_Data extract_.

※ ※ ※

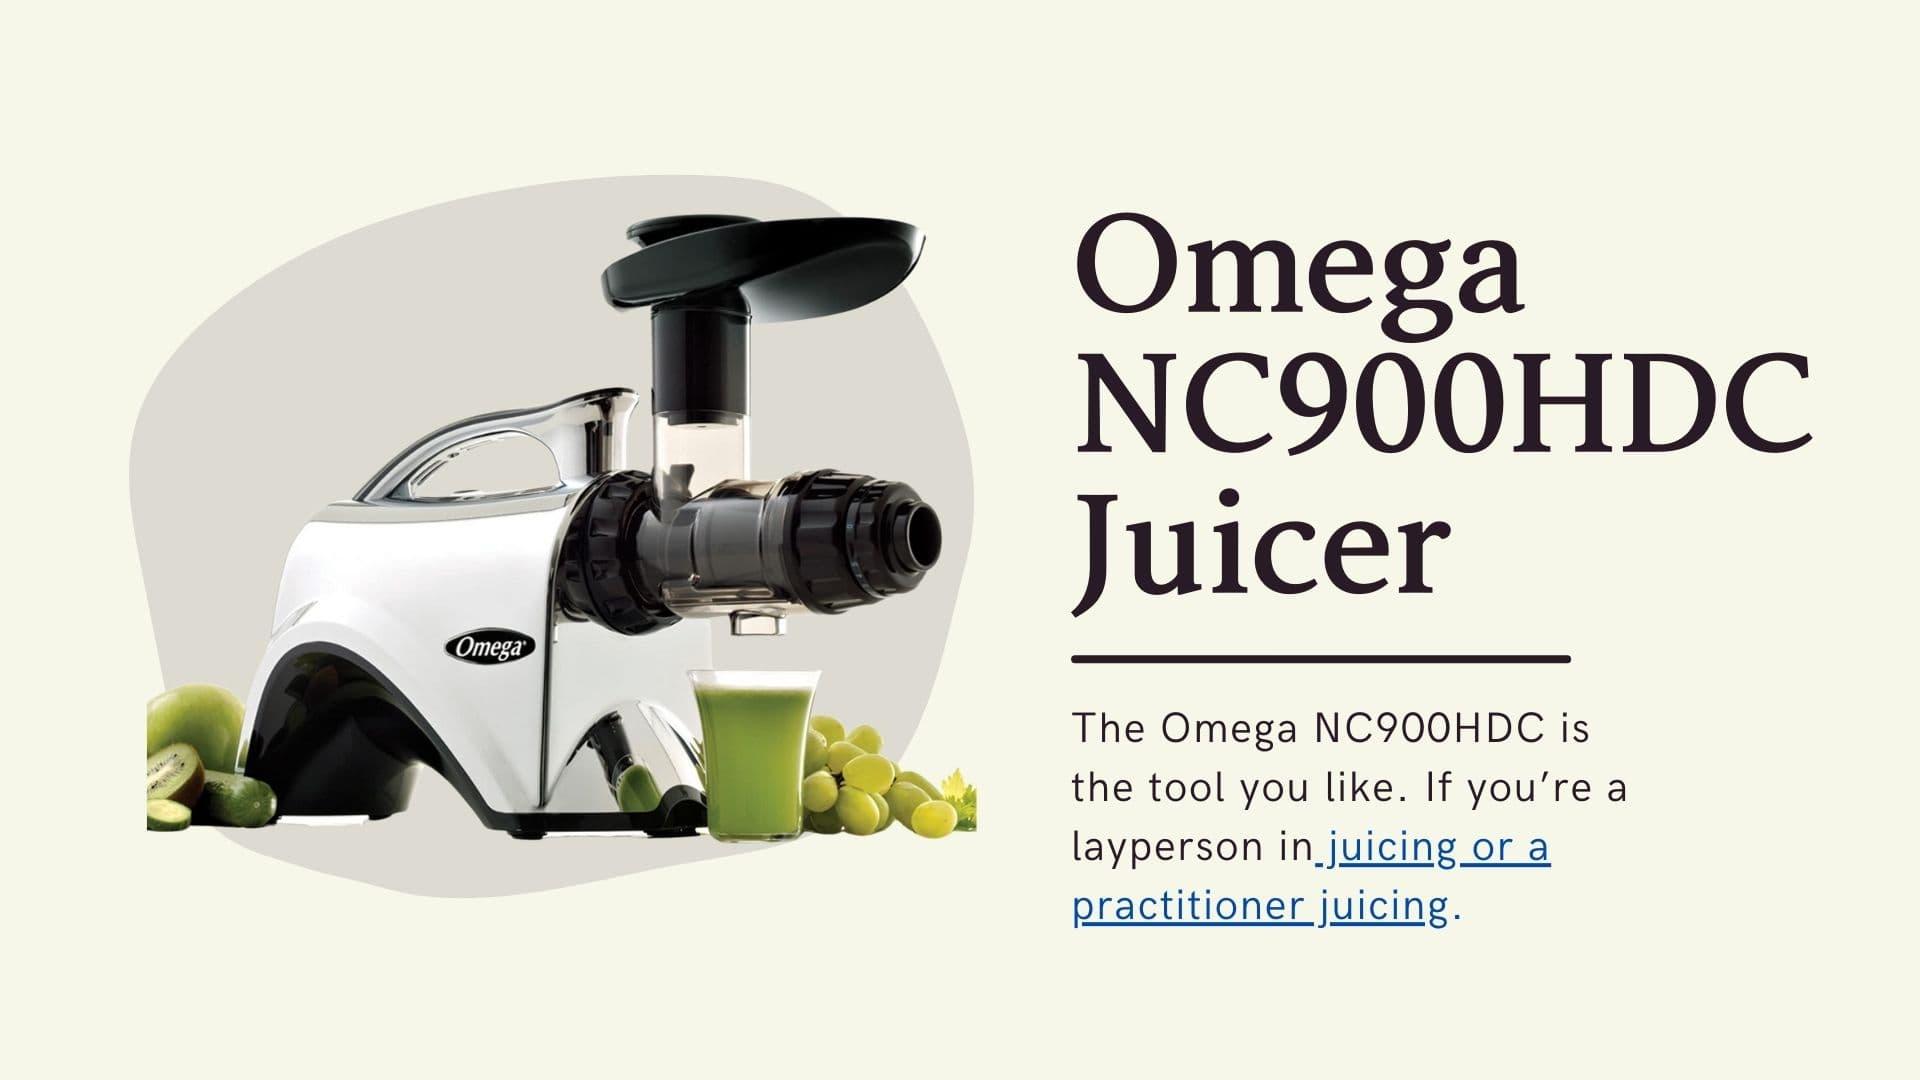 Omega NC900HDC Juicer
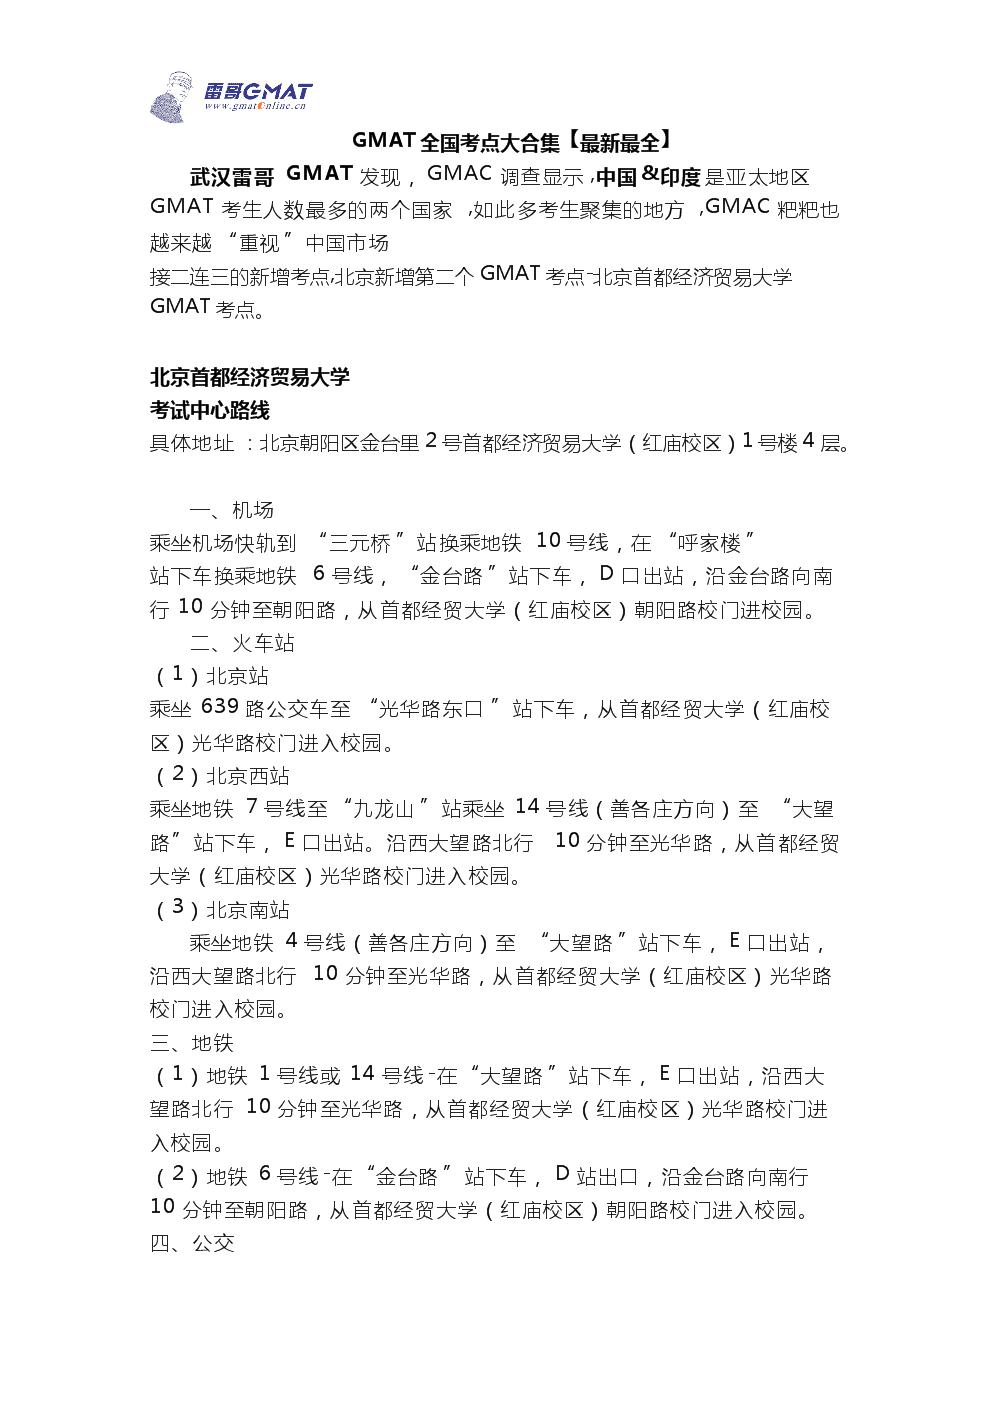 GMAT全国考点大合集【最新最全】.doc
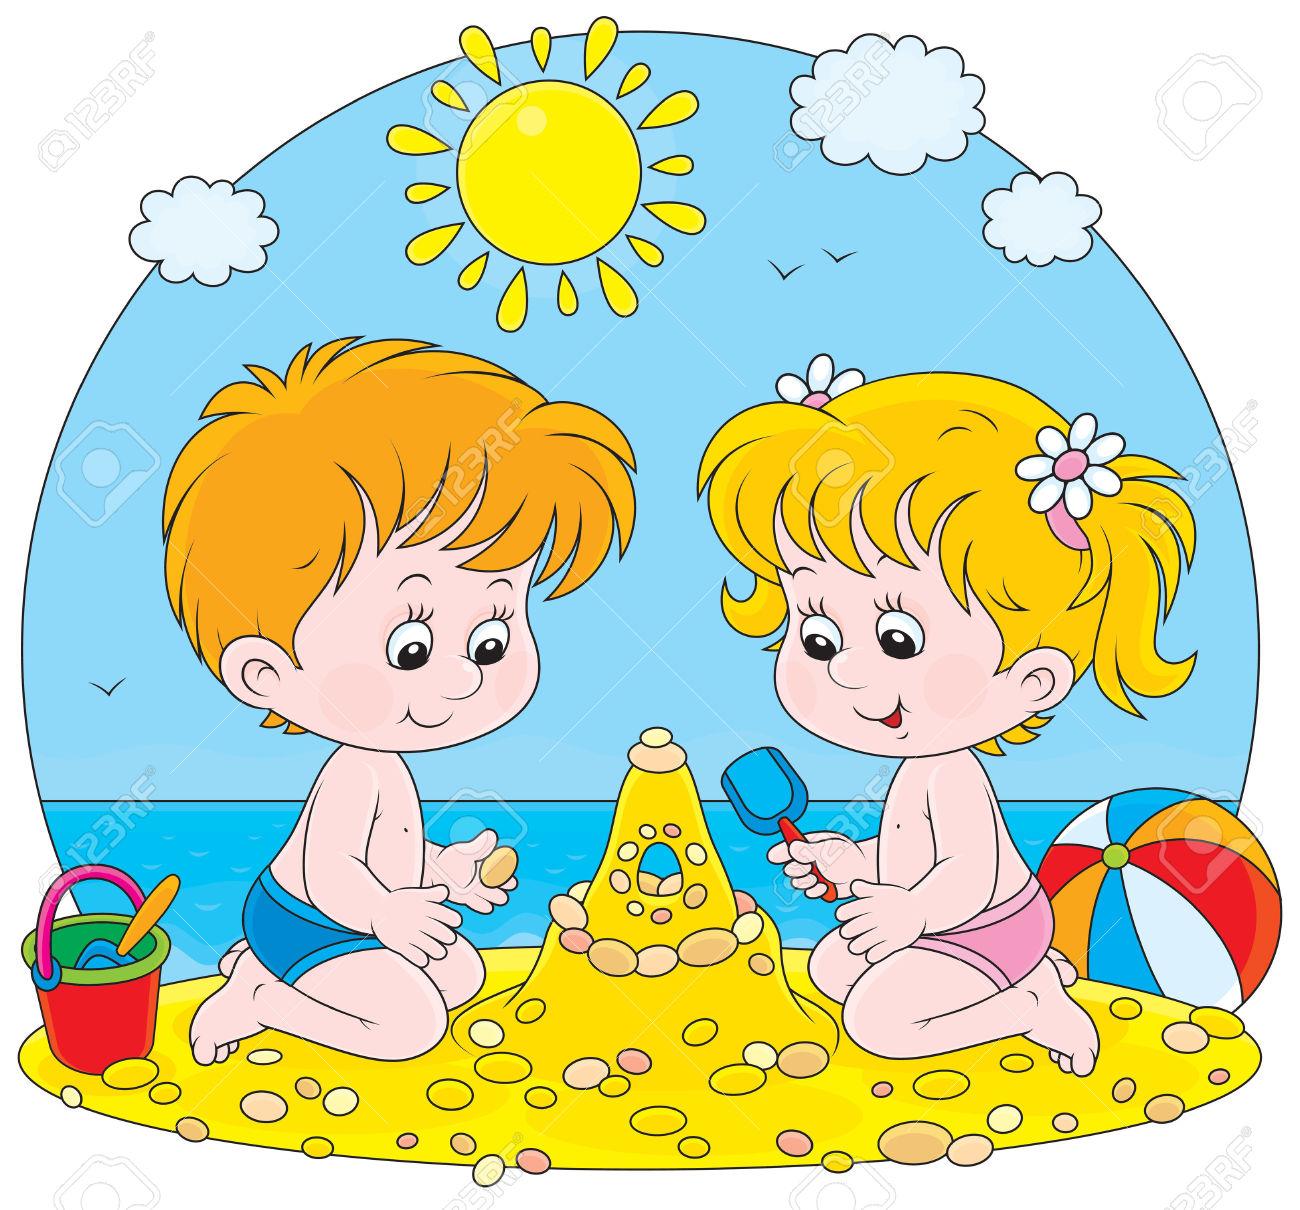 Girl And Boy Building A Sand Castle On A Beach Royalty Free.

※ ※ ※

_Required action_. Omit the pictures, then copy out all the data exactly as it stands.

_Solution to the problem_.
 Omega NC900HDC Juicer
 GMAT全国考点大合集【最新最全】.doc
 Girl And Boy Building A Sand Castle On A Beach Royalty Free.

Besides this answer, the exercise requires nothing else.